If you’ve changed several files but want to only commit changes for some, uncheck the box next to the files you don’t want to commit yet.
You can view the changes in more detail by selecting the file name.
If you want to undo any changes and revert back to the previous committed version of a file, right click on the file name and click “Revert changes”.
To commit your changes, type a at the bottom of the right column describing what you’ve changed. Always give informative commit messages (help out future you!). When you are ready, click the “Commit” button.
Now, you’ve made the commit locally, but you need to “push” it to GitHub so that it shows up there as well.
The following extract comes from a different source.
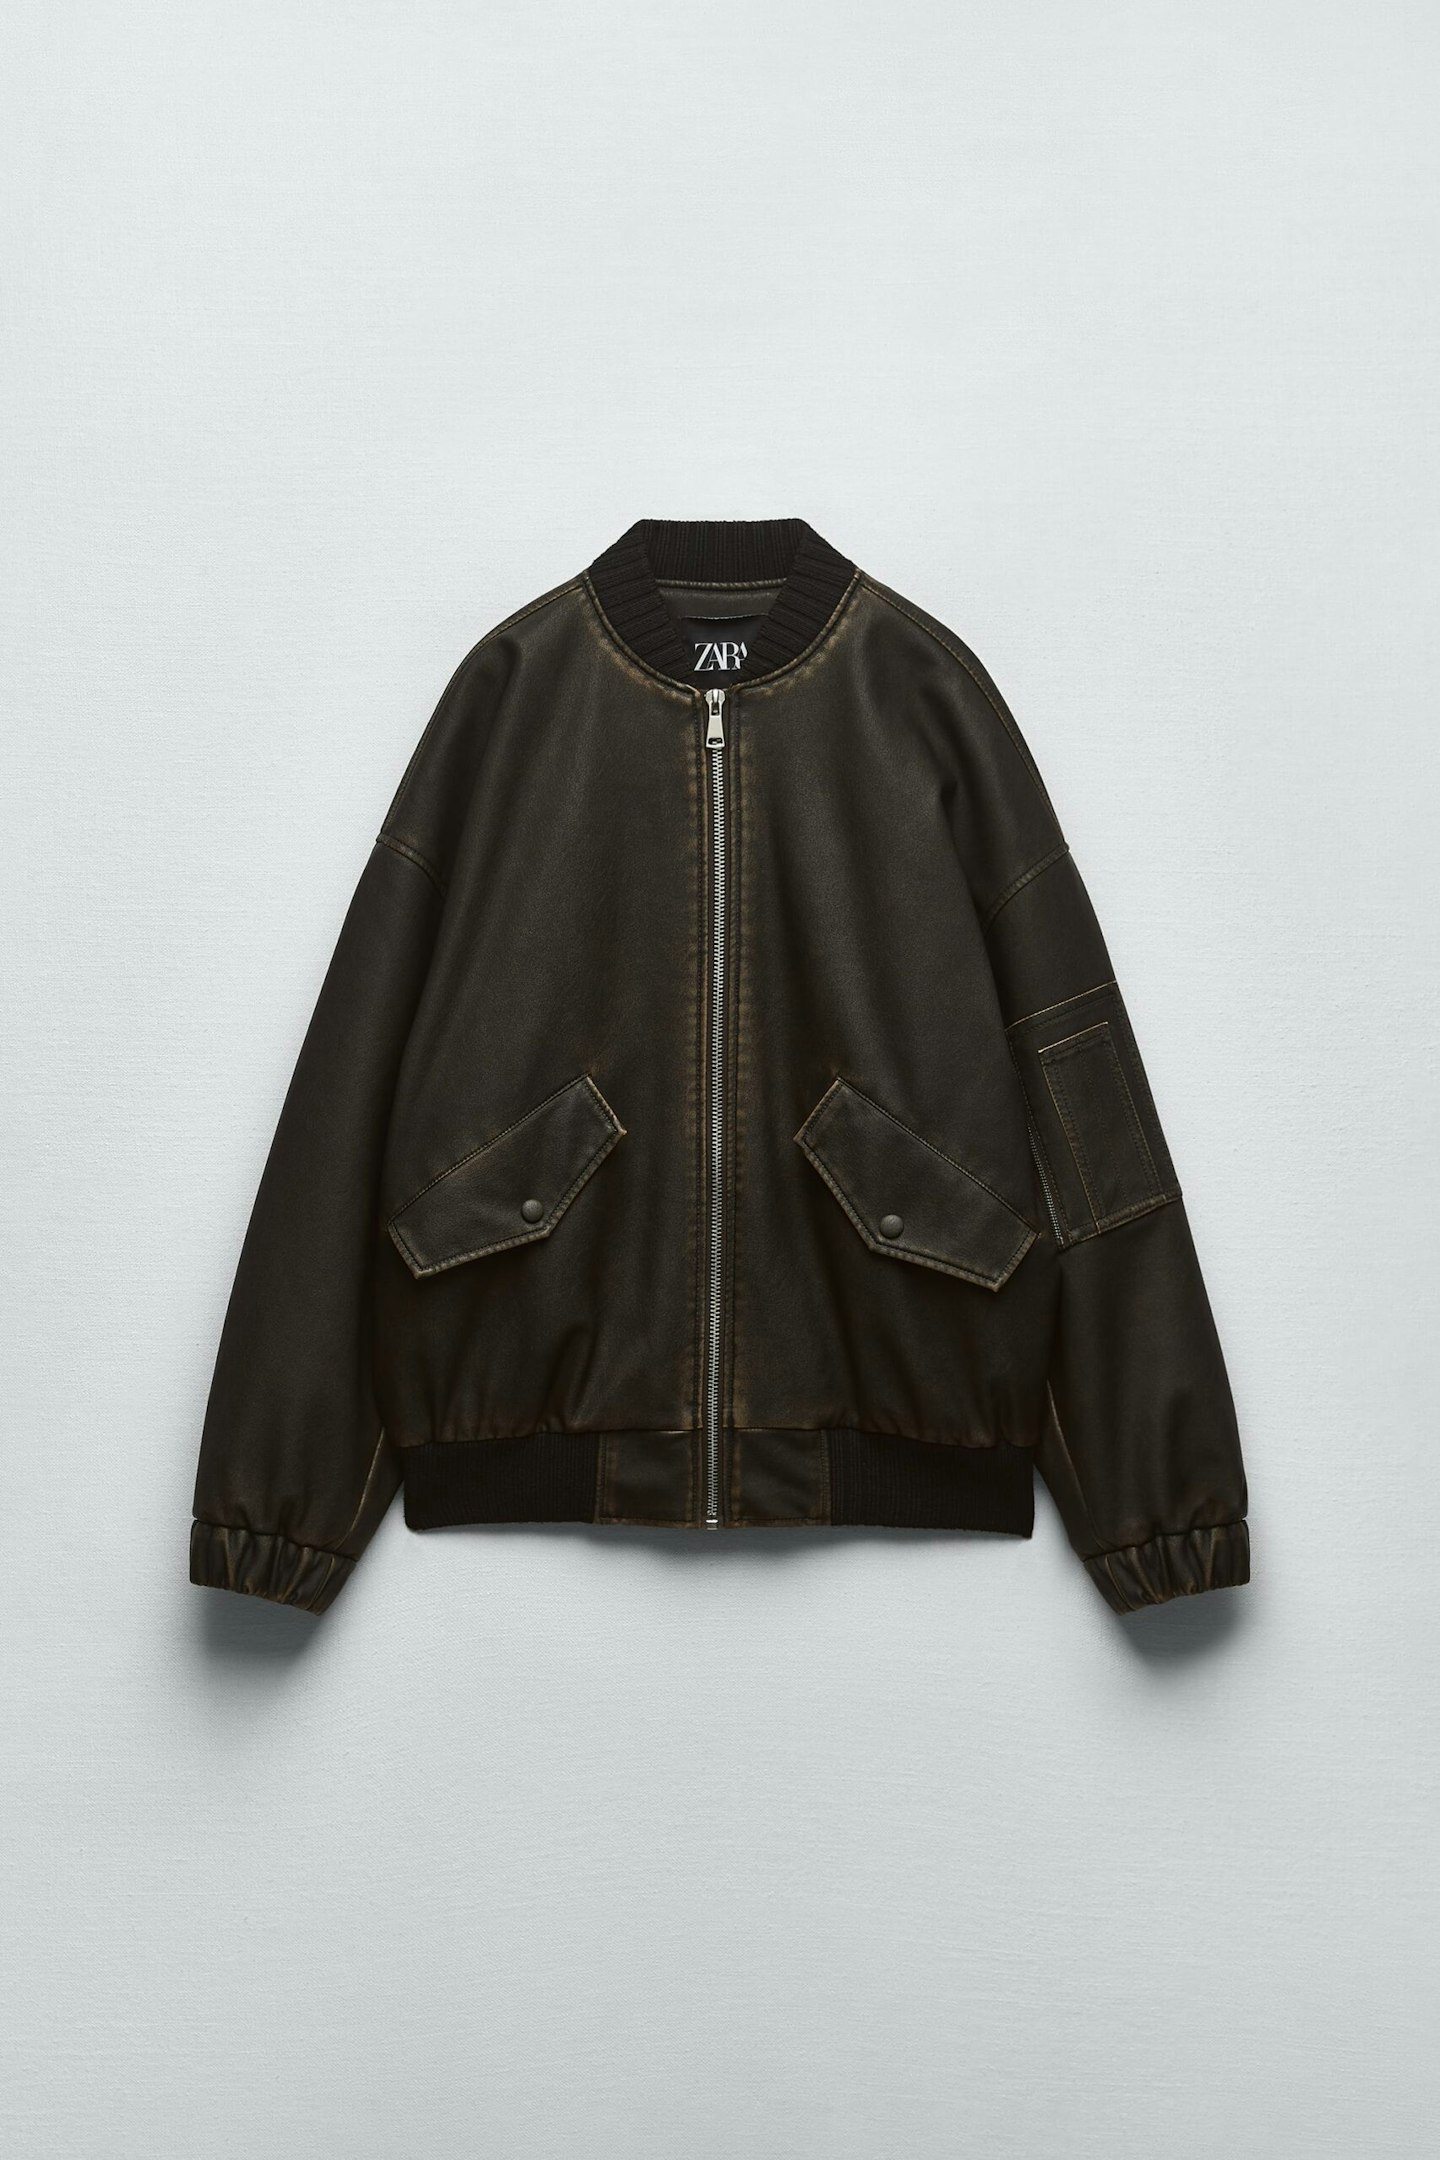 Zara, Leather-Effect Bomber Jacket

Click the “Push” (up arrow) button.
Now go check out the file on GitHub online.
9.9.2 Fetching or Pulling Changes from the Remote Repo
One of the amazing things about git is that it can track changes made to a file at different locations or on different computers and reconcile them together. (This is how it is so useful for collaboration!)
Let’s see how that works.
- First, let’s make a change directly on the GitHub website.
Edit
README.md
and type “oops!” at the top. Commit your change. - Go back to GitHub Desktop
- Click the “Fetch Origin” button.
- See how the file on your local computer changed to reflect the change you made online.
Let’s fix that “oops!”. Delete it, commit your change (give an informative commit message), and push your changes back online.
9.9.3 The General Workflow
You will use this basic workflow througout the semester (and your coding career).
When you sit down to start working:
- Open GitHub Desktop and select your repo.
- Click the Fetch Origin button to fetch remote changes and get your local repo copy up to date.
- Open you RStudio Project.
- Make changes to your files.
- Commit your changes.
- Push your commits back up to the remote repo (GitHub).
You should get in the habit of commit early, commit often. Don’t wait until you are completely done with your work to commit the changes. Make small commits as you go. This makes it much easier to go back if you accidentally break something and need to revert.